I'm 5'6" and weigh just under ten stone. I don't really care about who is topping the Premier League, and if I had to drink beer, it would most likely be a strawberry Frühli or an ice cool Leffe. I don't match up to many of the images that I would associate in our society with being a man.
I suspect that many of us have at least some area in which we feel we fall short of full masculinity. But where do these messages come from? How do they make us feel? What is our actual lived experience? What does it mean to be a man?
The Southbank Centre's 'Being a Man' Festival in February was another landmark in the journey of bringing these questions into mainstream conversation, giving the message that it's OK to be uncertain, and that it's OK to talk about it.
Michael Kaufman, a founder of the White Ribbon Campaign, used several pictures of action heroes to illustrate the unattainable nature of media masculinity. See Batman then, and now. Brute strength and painfully chiselled six packs, a stoic lack of communication, and emotion checked by clenched jaws, yet miraculous seductive and physical power over women.
We could enter into a long discussion here around the nature of these male stereotypes. However, the most important point to focus on, and for me the highlight of the day, was the observation by the writer and broadcaster Ekow Eshun that these myriad images "successfully distract men from the most important task of discovering their own identity".
Men can be so defensive around presenting a narrow version of masculinity, because they are striving but not succeeding. They are striving for something unrealistic and unattainable. It is destructive not only in the violent depictions of power exerted over other men – and especially over women – but destructive in the amount of energy that men will waste in its pursuit, rather than in becoming confident and fulfilled in who they really are.
The reality, my personal lived experience, and that of other males around me, is not narrow like these messages, but is actually a whole complexity of masculinities that evolve and fluctuate on a wide spectrum. I get angry, I cry. I like wrestling, I like singing...is that ok?!
The big question: "Am I a man?"
Masculinities are not fixed, but fluid. If I identify as male, then every contradictory and changing aspect of my masculinity is valid. And when I am confident in my own identity, I can be free to enjoy relationships of equality with those around me, with both men and women.

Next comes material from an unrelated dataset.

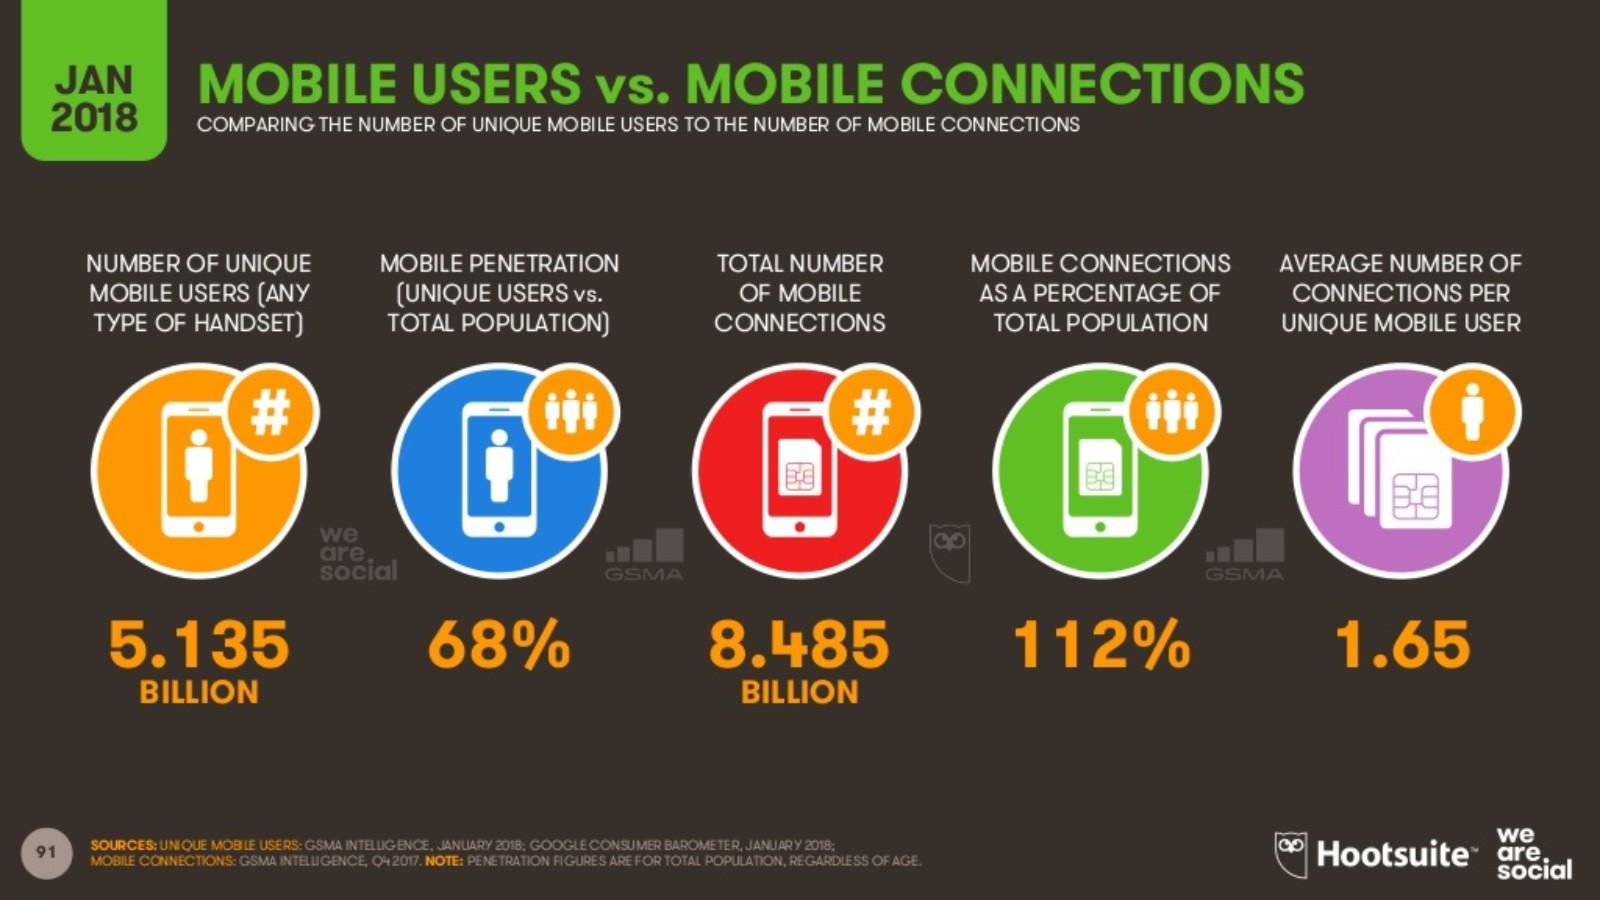 móviles conectados a internet 3

This is a vitally important step in combating male violence against women. Patriarchal myths must be exposed and challenged on a wider scale so that men can be free to develop their own identity, and on the basis of that, to unreservedly pursue equality.
Jackson Katz is quoted saying "a man of quality does not feel threatened by a woman of equality". When I no longer feel the need to compete with, or exercise power over other men and women around me; when I can express emotion and empathise with others; when I am finally comfortable with myself, then I can be assured I am a man.
Sam Reynolds is a First Man Standing and worked alongside Restored in developing of a Christian Perpetrator Programme.